Ensuring cluster proximity in co-embedding for a selected subset

snap-stanford / SATURN

MIT License

108 stars 17 forks source link

Ensuring cluster proximity in co-embedding for a selected subset #11

Closed lijinbio closed 1 year ago

lijinbio commented 1 year ago

Hello there,

During the co-embedding training using the full-cell clusters, SATURN suggested several novel mappings of clusters. To verify the accuracy of the co-embedding, I ran SATURN on a subset of potential novel clusters. However, it seems that the clusters are no longer overlaid. Can you please advise me on how to configure SATURN to maintain the proximity of the clusters between the full cells and the subset of clusters? Thank you.

Yanay1 commented 1 year ago

I would first suggest to run SATURN multiple times and compare the co-clustering occurrences of cell types from different runs. You can do so using the saturn_multiple_seeds script, as shown in this vignette.

You could do this for different subset levels as well. It could be that all these clusters are very similar.

lijinbio commented 1 year ago

Hi, @Yanay1! I have a question about the inconsistent mapping results I obtained from different seeds. I ran my experiment with multiple seeds (e.g., 8 seeds), and while some clusters consistently overlapped across seeds, others were not stable and showed varying mappings to different clusters. For clusters with novel mappings, some seeds yielded the same results, while others showed differences. Do you have any suggestions for interpreting these inconsistent mappings obtained from different seeds? Thank you!

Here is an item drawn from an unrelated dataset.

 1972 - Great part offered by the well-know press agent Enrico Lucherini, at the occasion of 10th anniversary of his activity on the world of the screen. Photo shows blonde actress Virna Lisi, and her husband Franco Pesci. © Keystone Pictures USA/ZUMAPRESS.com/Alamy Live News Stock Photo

Yanay1 commented 1 year ago

What kinds of tissues/species/cell types are you integrating? It might be difficult to draw conclusions if the clustering results are not consistent, but it could be useful to do differential macrogene expression between the clusters. Could the different clusters all be biologically related?

lijinbio commented 1 year ago

Hey @Yanay1. I am currently integrating cell types from the same tissues across 3 different species, and I have observed that unstable clusters are biologically relevant based on the literature. Can you provide further insights on why different seed values may result in unstable mapping for specific clusters? Thank you.

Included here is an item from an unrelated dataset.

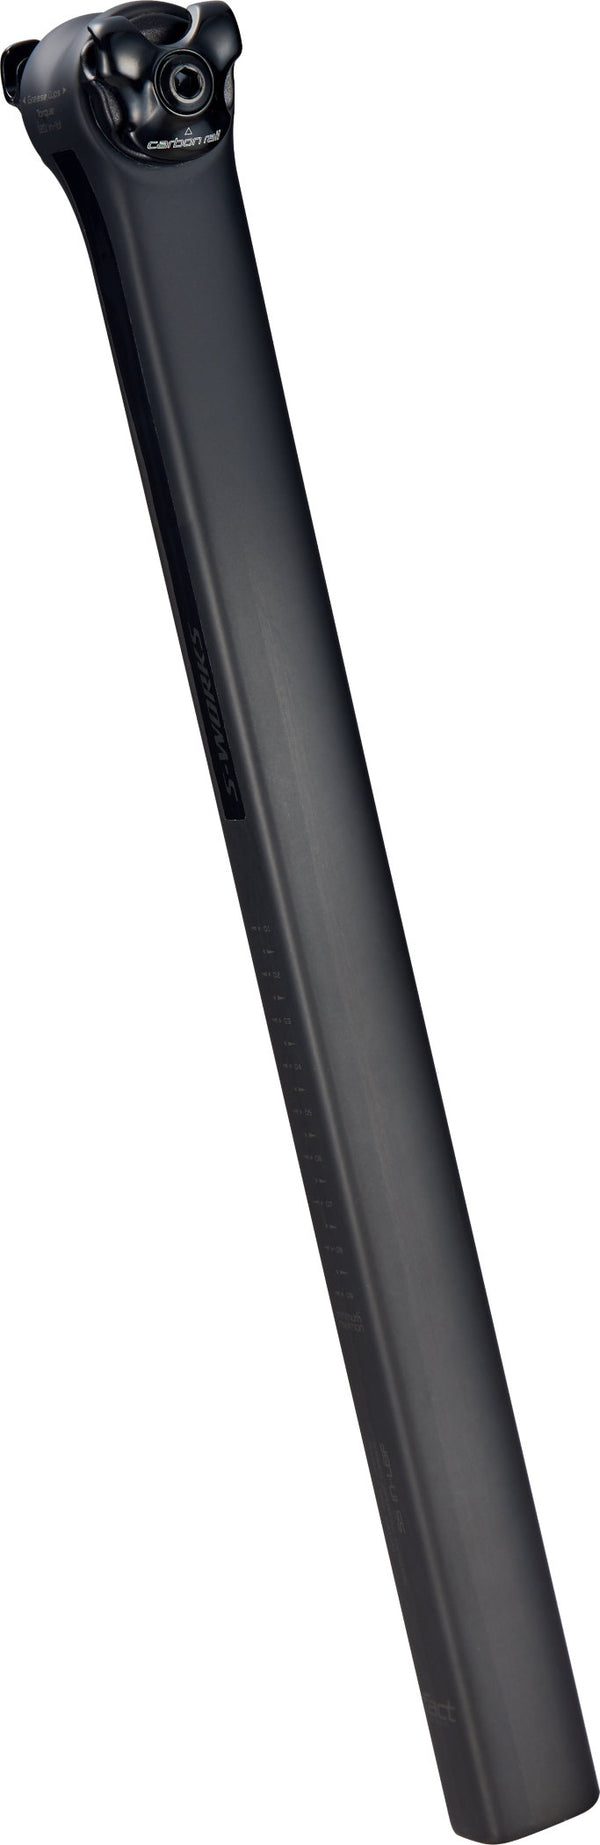 S-Works Pavé SL Carbon Seatpost | Specialized Philippines

lijinbio commented 1 year ago

Hey @Yanay1. Is it advisable to optimize certain hyperparameters in metric learning in order to achieve a consistent mapping, such as using k-MNN (k>1) for anchor cells or exploring different distance metrics? Your insights and recommendations would be greatly appreciated. Thank you.

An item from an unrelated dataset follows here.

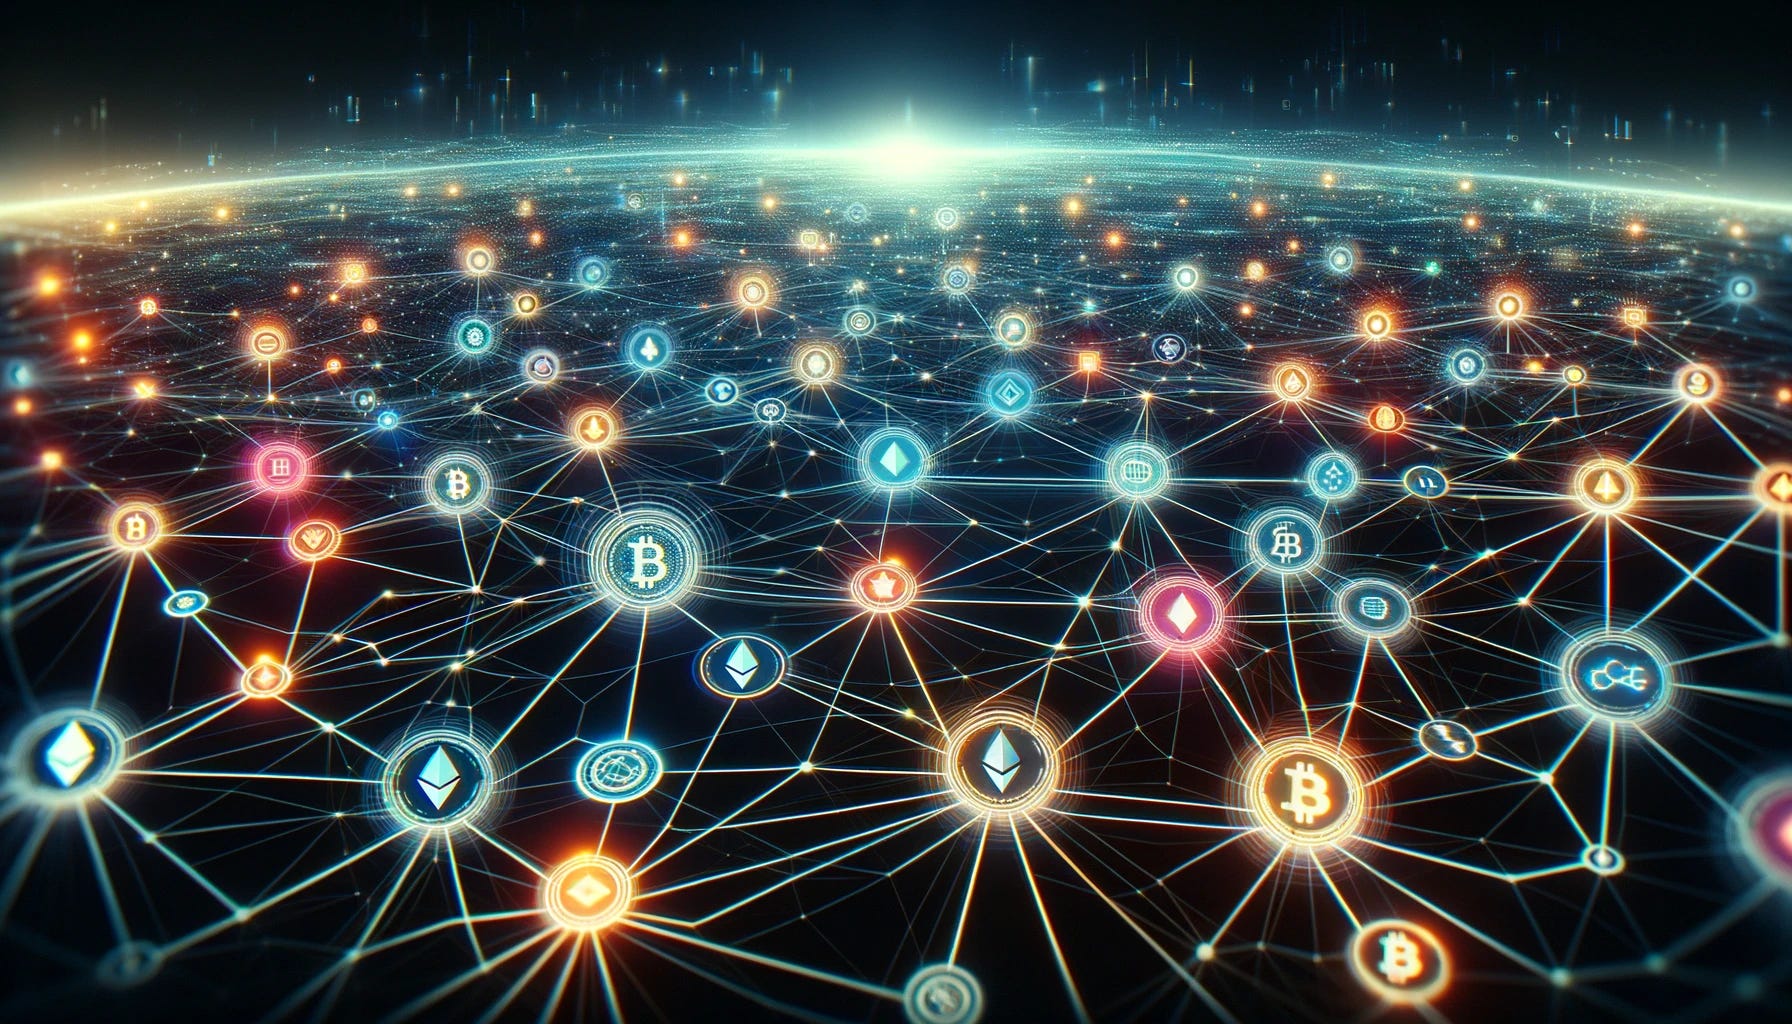 Visualize a futuristic, digital web of different blockchains connecting with each other in a landscape format. Imagine a wide, complex network of glowing, interconnected lines and nodes, each node representing a different blockchain. These nodes should have distinct symbols or logos to signify different cryptocurrencies like Bitcoin, Ethereum, and others. The background is a dark, digital landscape, extending horizontally to emphasize the vastness and complexity of the network in cyberspace. The overall tone is neon and futuristic, with bright lines creating an expansive web of connections across the digital space.

Yanay1 commented 1 year ago

Hi (sorry for the late reply!), we did not explore using k>1 during metric learning or different distance metrics, so it might be interesting to see those results! The embedding dimension is fairly high (256 by default) so different distance metrics might be very similar to each other. For increasing k>1, there might be some extra considerations because we use mutual nearest neighbors.